Note: two people placed him in the car..

Truly sad result...8>(

Rakos


----------



## Z129 (May 30, 2018)

Definitely don't let anybody pour a pax into your car. It never ends well.


----------



## uberdriverfornow (Jan 10, 2016)

i hope the driver doesn't get deactivated and doesn't blame herself

we aren't responsible for pax's actions


----------



## Disgusted Driver (Jan 9, 2015)

Yes that's a shame. This is why they tell you to pull over to a safe place before you let them out. I hope she was clear with the police that the passenger was acting irrationally and she feared for her ability to operate the car safely, e.t.c... Either way, being deactivated is the least of her concerns. She will be sued no matter what. Hopefully insurance will represent her in court.


----------



## Z129 (May 30, 2018)

It sounds like he demanded to be let out there and then. Drunks are unpredictable as I am sure we've all noticed. People like this are really prone to waking up and freaking out in our cars not really understanding where they are or who we are. I had a front seat pax pass out and almost punch me when he woke up at the drop-off. Then he jumped out, leaned back in and shook my hand.


----------



## Alexxx_Uber (Sep 3, 2018)

One day a paxhole exit my car in the middle of street eventhough I told her not to. She just ignored me an unlocked the door manually and left. Thanks god she left from the passenger side at least. 
I immediately reported her to Lyft as a danger to society. But I don’t really believe Lyft would do any action


----------



## Uber's Guber (Oct 22, 2017)

Sad drunken condition..... dying from alcohol poisoning was probably in his near future anyway.....


----------



## tohunt4me (Nov 23, 2015)

Rakos said:


> https://www.tampabay.com/news/publi...ed-while-stepping-into-i-75-traffic-20181119/
> 
> Just when you think your day...
> 
> ...


The DREADED

" PAX SPLAT"!


----------



## uberdriverfornow (Jan 10, 2016)

Disgusted Driver said:


> Yes that's a shame. This is why they tell you to pull over to a safe place before you let them out. I hope she was clear with the police that the passenger was acting irrationally and she feared for her ability to operate the car safely, e.t.c... Either way, being deactivated is the least of her concerns. She will be sued no matter what. Hopefully insurance will represent her in court.

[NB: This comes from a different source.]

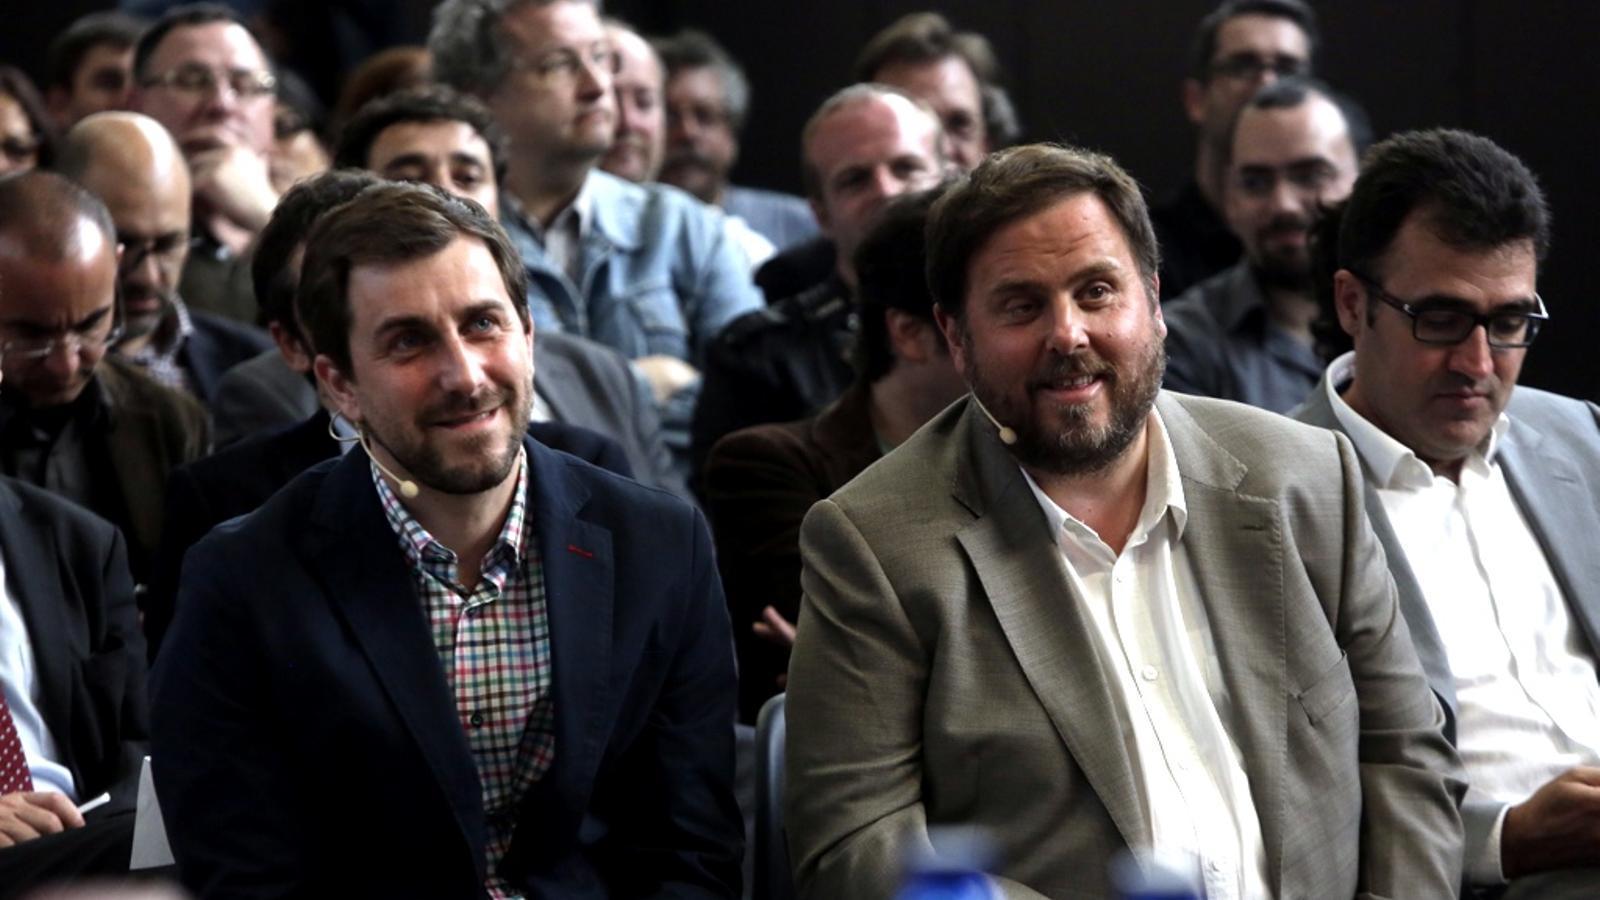 Puigdemont participarà al debat de TV3 si Junqueras pot fer-ho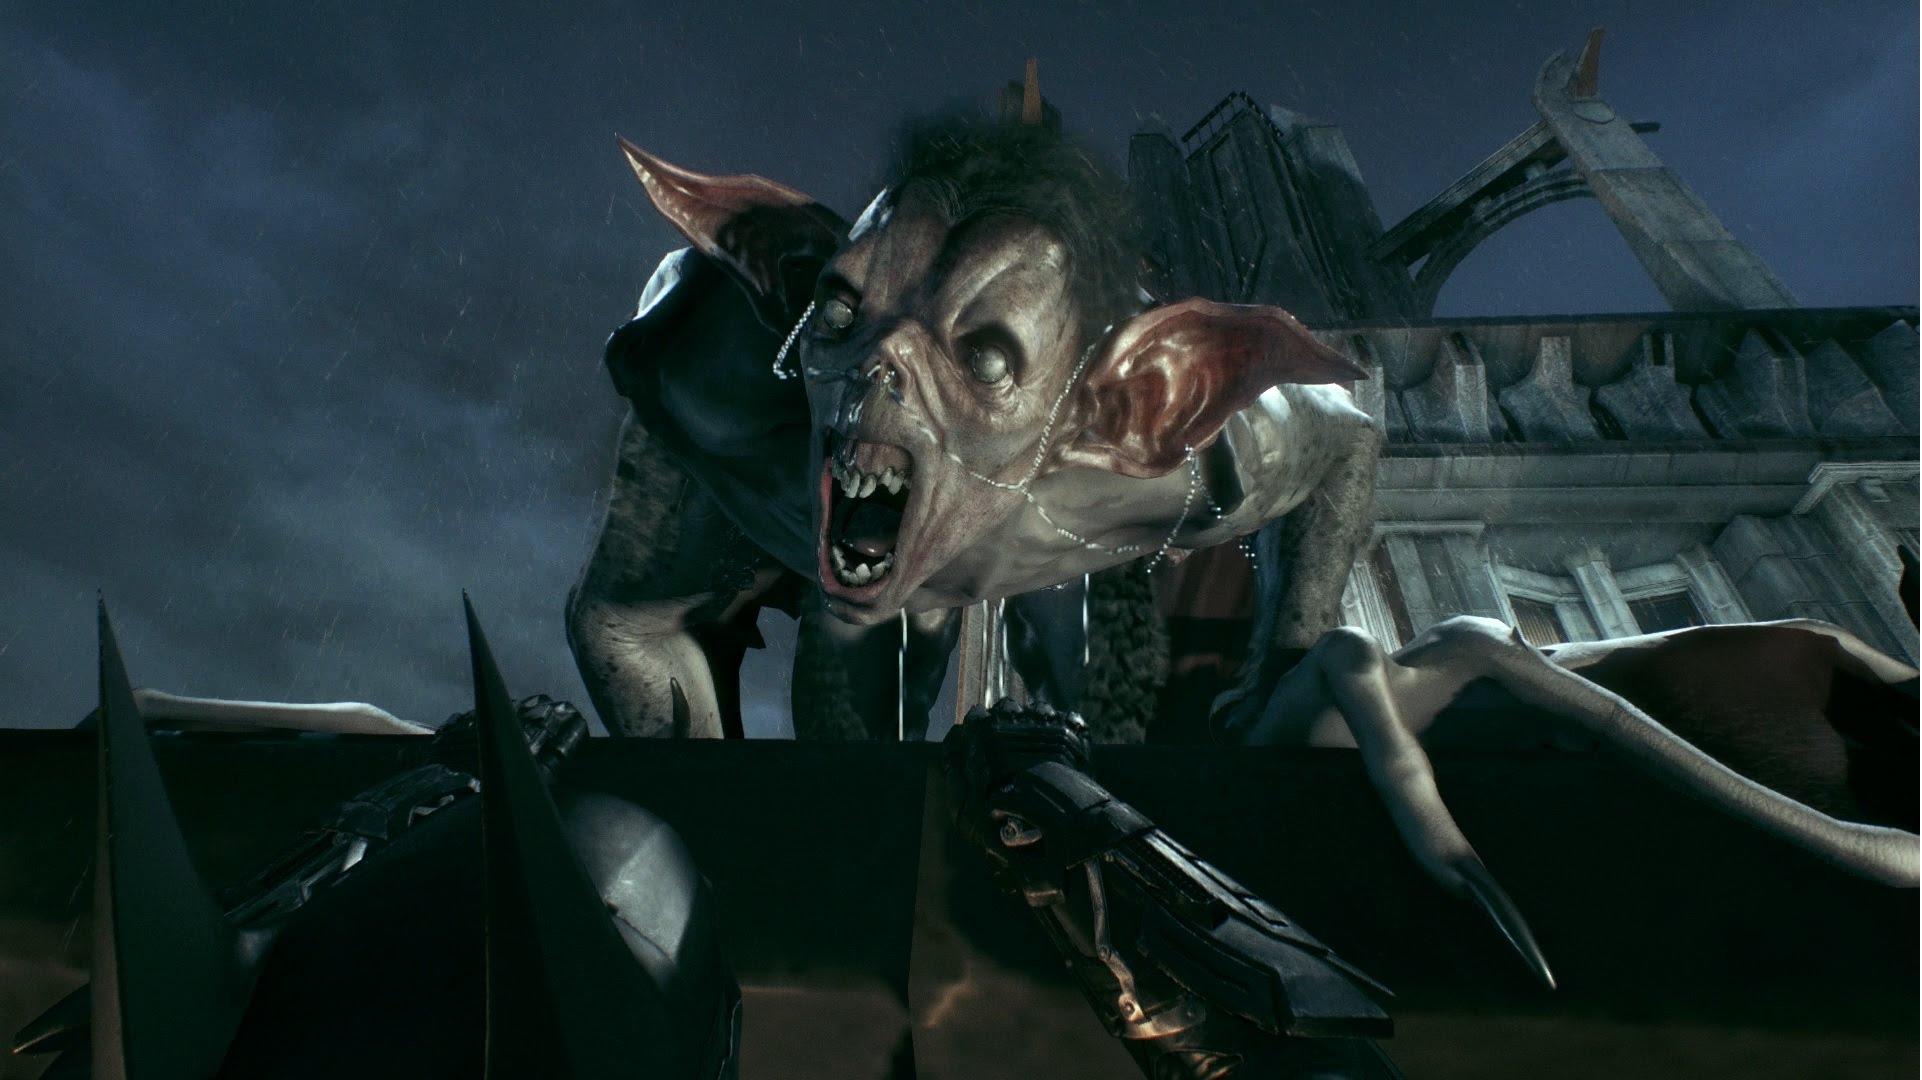 Batman Arkham Knight aneb pojďme změnit to, co do teď fungovalo 11103

Exactly what cause of action does the pax have against the driver ?


----------



## Tr4vis Ka1anick (Oct 2, 2016)

tohunt4me said:


> The DREADED
> 
> " PAX SPLAT"!


----------



## The Gift of Fish (Mar 17, 2017)

tohunt4me said:


> The DREADED
> 
> " PAX SPLAT"!


Cleaning fee?


----------



## Disgusted Driver (Jan 9, 2015)

uberdriverfornow said:


> Exactly what cause of action does the pax have against the driver ?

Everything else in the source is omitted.